Rawson Projects, for example, relocated to 221 Madison Street in September 2014 from its previous location in Greenpoint. Gallery partner Chris Rawson was attracted to the area for its proximity to galleries on the Lower East Side and access to artists who lived nearby. He also mentioned that collectors were well aware of the area.

Rawson Projects inhabits a classic below-ground level space in the neighborhood. (Photo: Cara Genovese/New York Observer)
Rawson Projects inhabits a classic below-ground level space in the neighborhood. (Photo: Cara Genovese/New York Observer)

Artist Collective the Still House Group, which maintains a studio in Red Hook, recently opened a gallery at 3 Howard Street (on the border of Chinatown) on a year-long lease. Artist and collective member Isaac Brest—he also lives in Chinatown—said that searching for spaces in the area had taken a while, and was based on close relationships formed with neighborhood residents.

Bridget Donahue recently opened her own gallery on the Bowery. RYAN MCCUNE/ PatrickMcMullan.com)
Bridget Donahue recently opened her own gallery on the Bowery. (Ryan McCune/ PatrickMcMullan.com)

“It’s a space I’ve had my eye on for a long time.
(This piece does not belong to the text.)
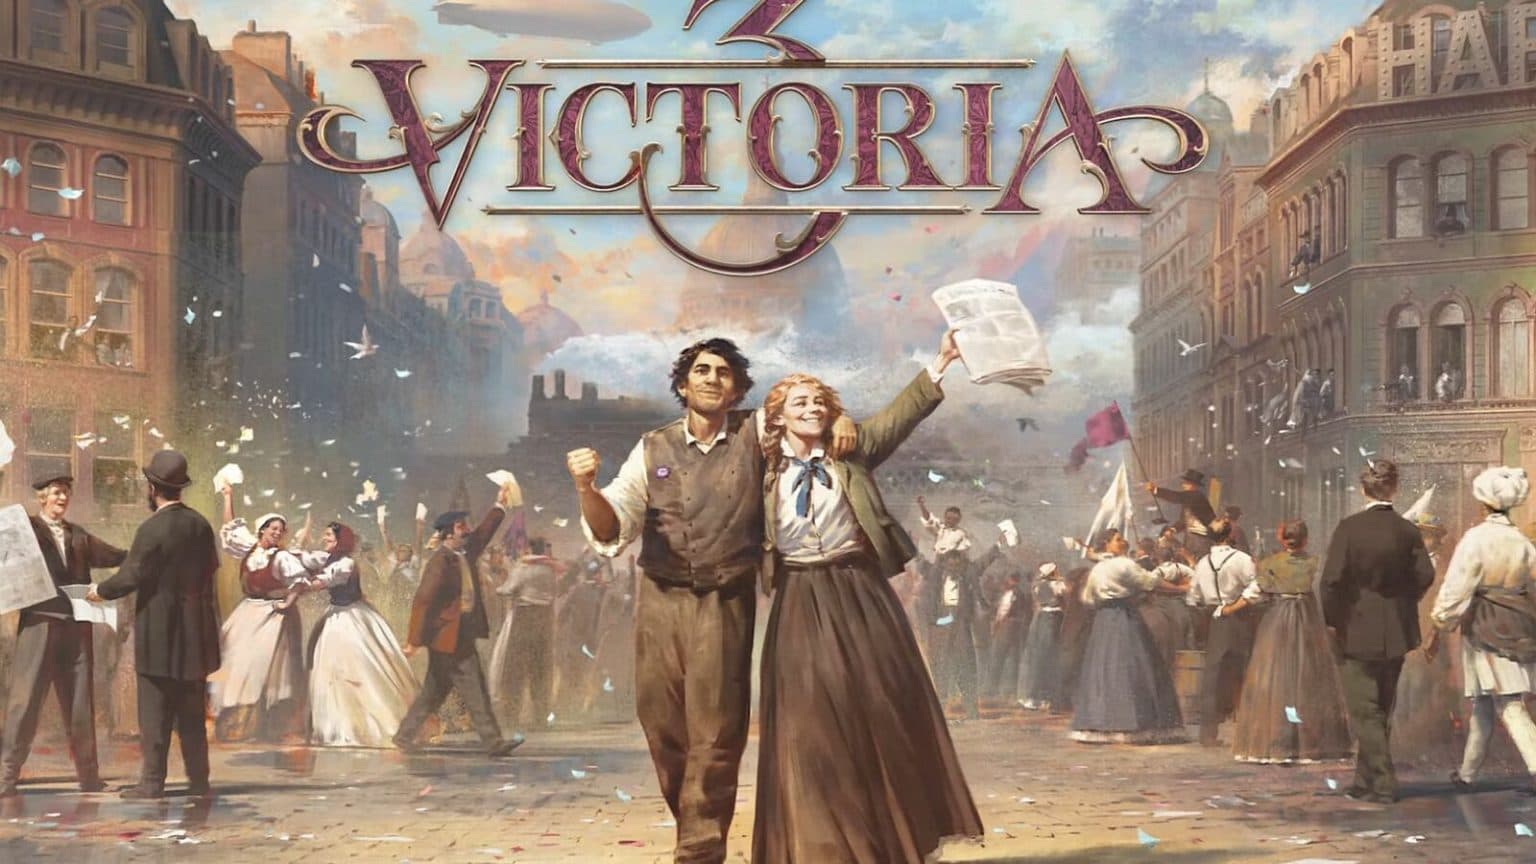 Victoria 3 downloading
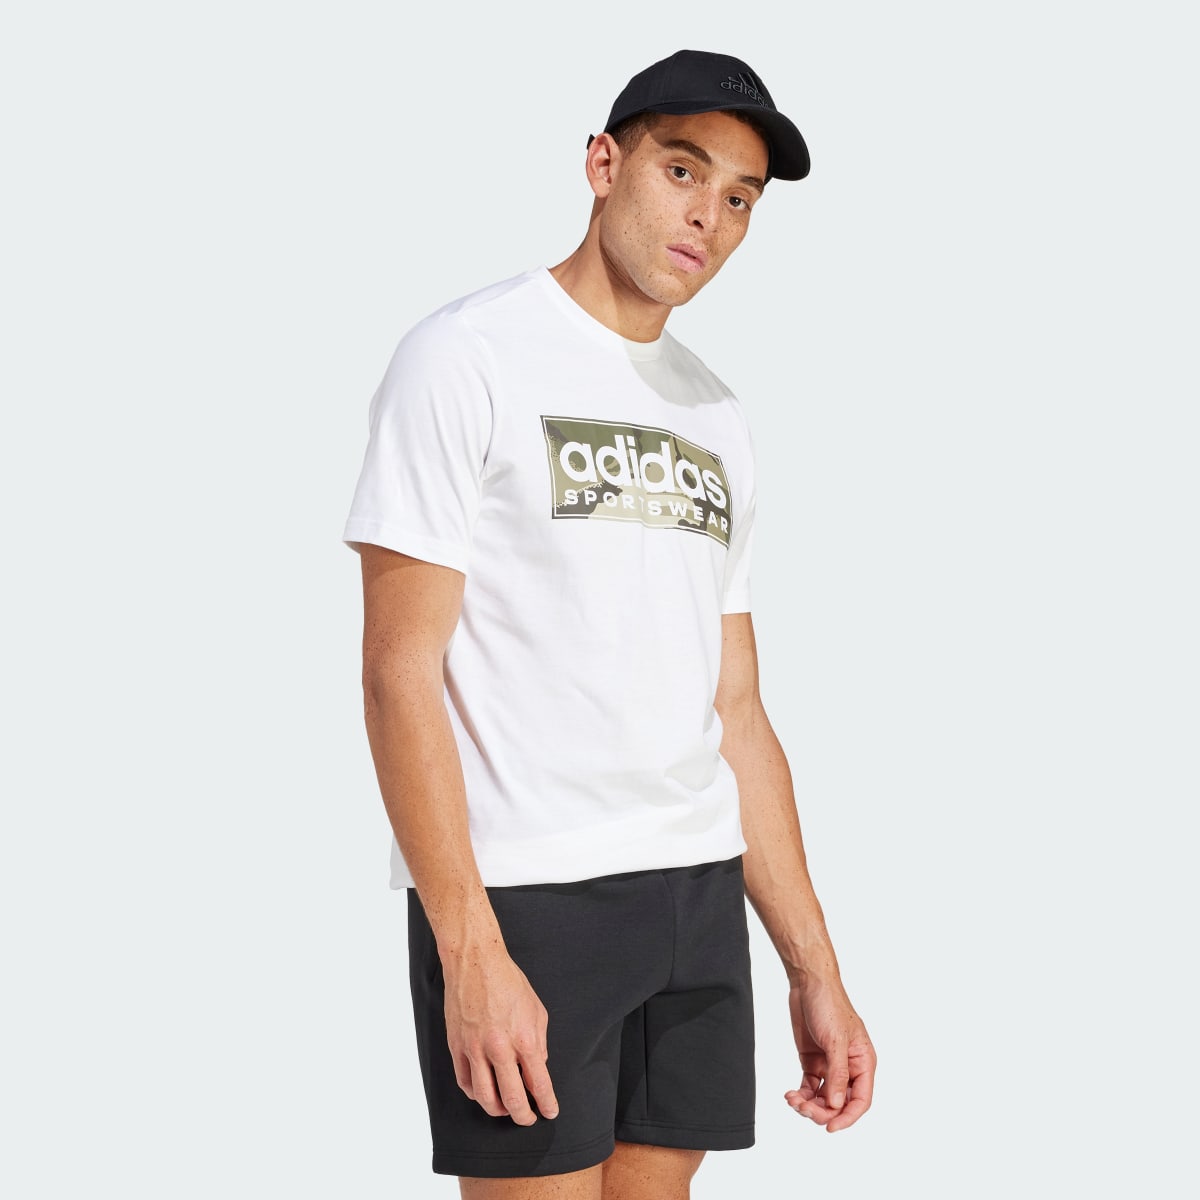 Adidas Camo Linear Graphic T-Shirt. 4

It used to be a pop-up night club, and was once an old Chinese food restaurant,” he told the Observer. “The area has a lot of exciting and habitable spaces. But a lot of Chinatown is a flourishing commercial area for the Chinese community, with spaces they aren’t totally willing to let go of.”

Ms. Anthony said that there’s not a lot of properties listed in the area right now, and Chinese landlords don’t own the majority of spaces she’s seeing available.  But she predicts more once area landlords realize what their properties are worth to the art community.

Katherine Chan, director of Miguel Abreu Galley, one of the neighborhood’s first galleries, said, “We’re aware of how the gallery has played a function in the role of gentrification in the neighborhood, there’s a lot of real estate activity happening, it’s sort of a bittersweet problem. On the one hand we don’t want it to change, but know it’s inevitable.”